Some would say "83 variations? Sounds like a Grateful Dead concert tape library"

@ZachWeinersmith Wild guess: they don't expect anyone to go look up the album or artist page and play through the whole catalog. It's all just fodder for A/B testing on playlists, hoping one variation will break out.
@salamandar @ZachWeinersmith
yeah - people who are actually into music will listen to whole albums and will be repelled by this, but people who just play some playlist with mixed artists (or "artists") for background noise won't notice

@ZachWeinersmith
Classical music works like that.

it's the same pieces, but endlessly varied by interpret.

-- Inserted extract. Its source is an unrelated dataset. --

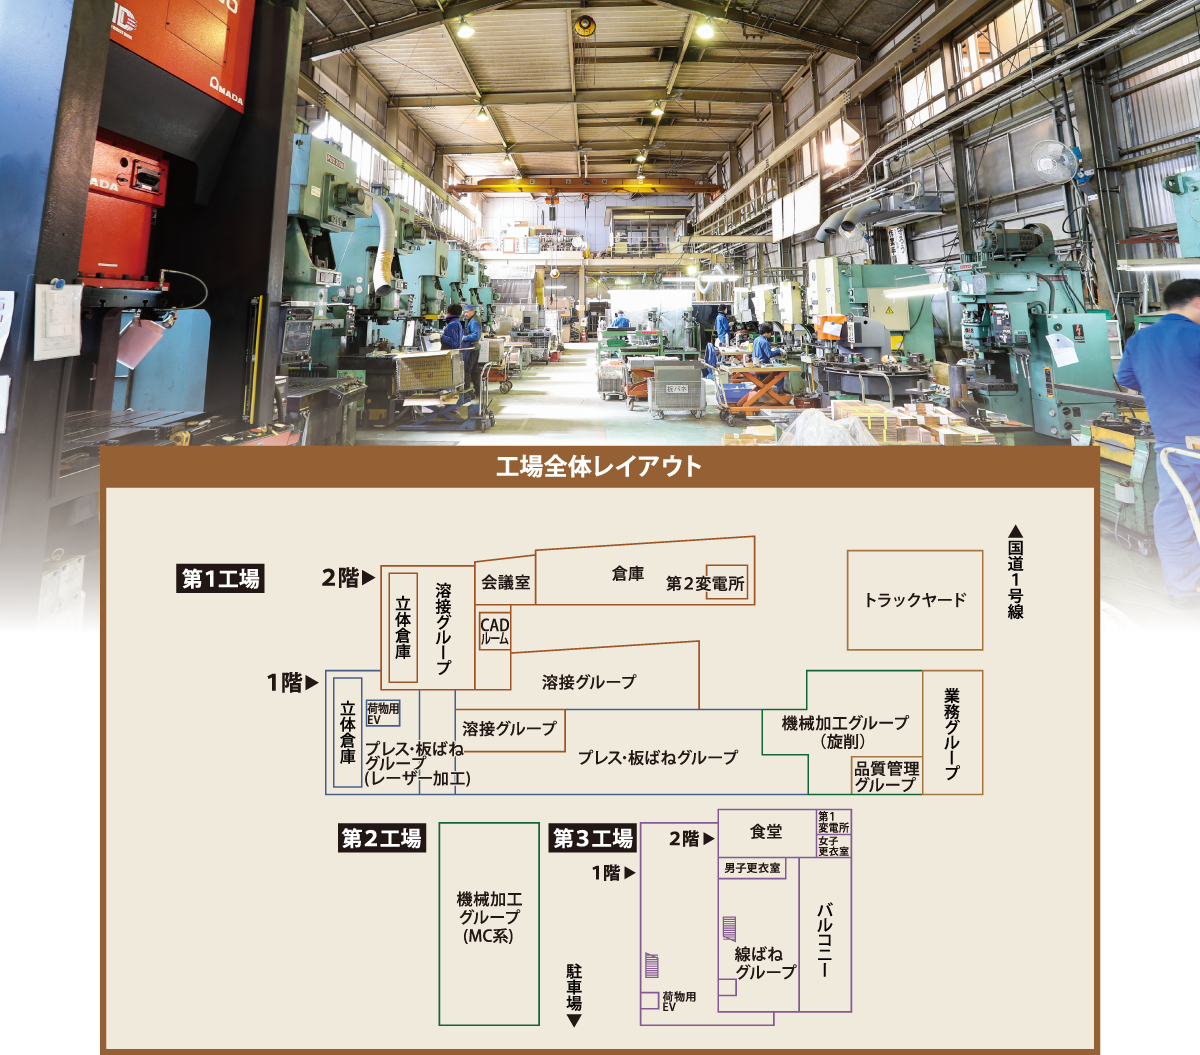 工場全体(第1工場、第2工場、第3工場) レイアウト図&写真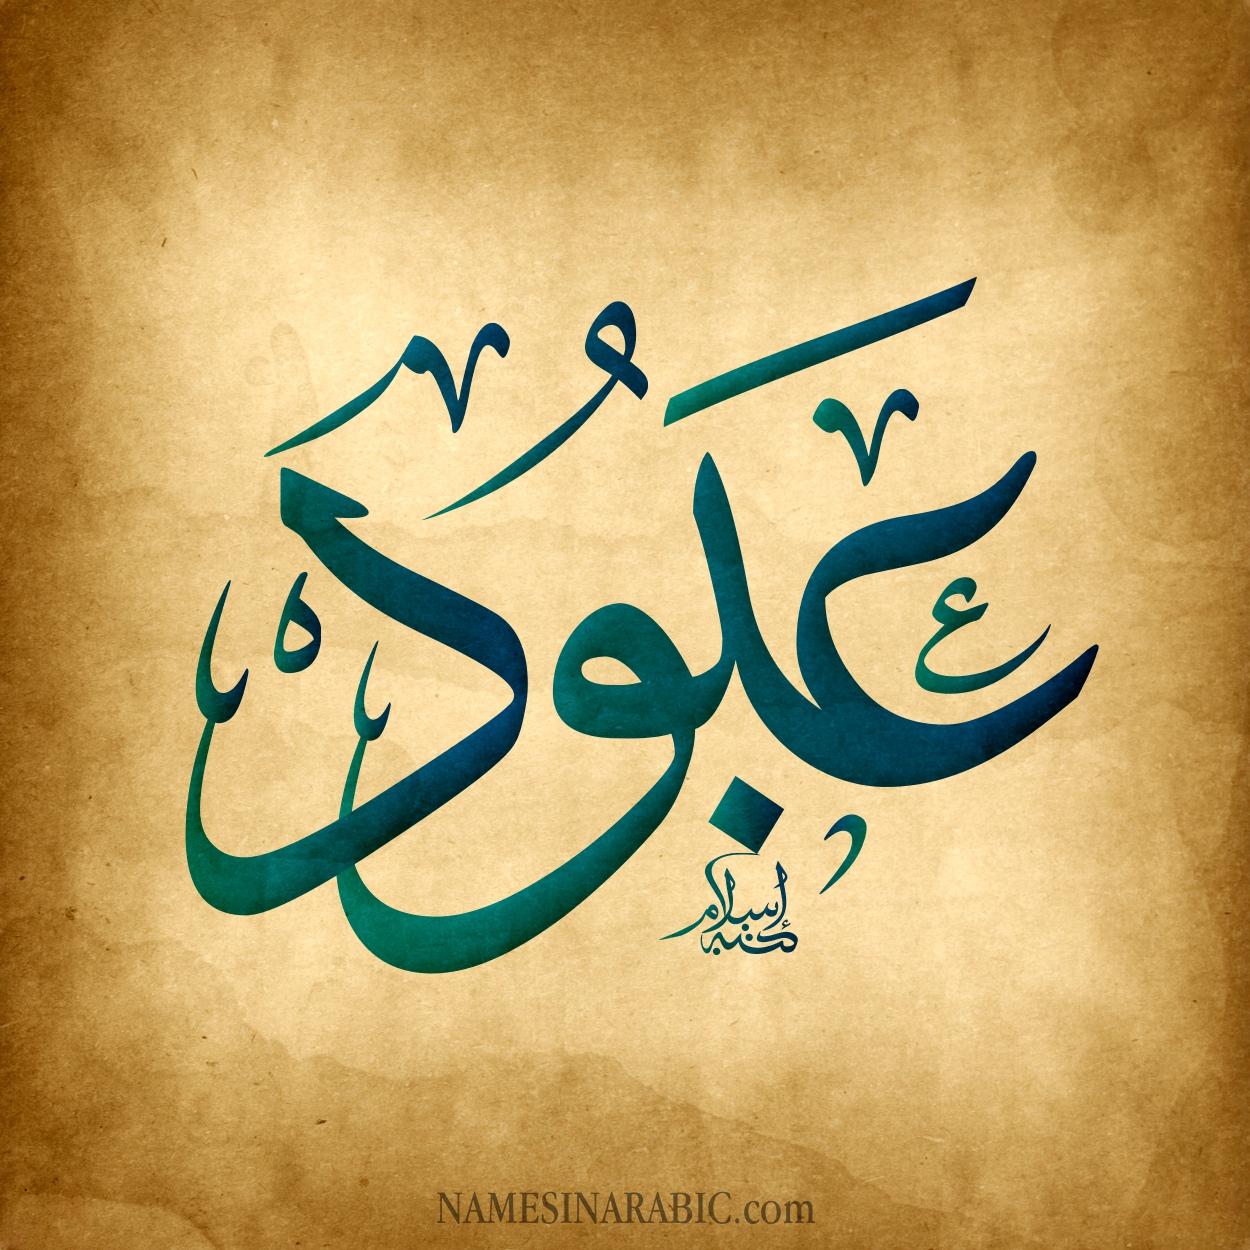 صورة اسم عبود Abod اسم عبود بالخط العربي من موقع الأسماء بالخط العربي بريشة الفنان إسلام ابن الفضل

A Song About Ethan — Hyperfixed

This week, listener Manon asks why are there so many songs on streaming services featuring her brothers name - Ethan. And why are they all about poop? Please become a premium member! We can’t exist without your support! https://www.hyperfixedpod.com/join LINKS: Get a custom song by Matt Farley: https://moternmedia.com/custom-songs Listen to A Song About Ethan on Spotify Benn Jordan’s Using AI to Detect AI Music Poopz’s Ethan Stop Pooping Your Pants or Move to France The Odd Man Who Sings About Poop, Puke, and Pee’s The Ethan Poop Song Reckless Otter’s Ethan Poop Fart Funny Song Super Poop’s Ethan Smells Like a Llama (Super Poop)

@ZachWeinersmith I suspect part of it is that the AI system only creates finished songs, so the process of refining the prompt results in a lot of similar outputs that they figure there's no downside to also releasing.
@ZachWeinersmith I would like to say a) but I've playlists composed entirely of covers of the same song.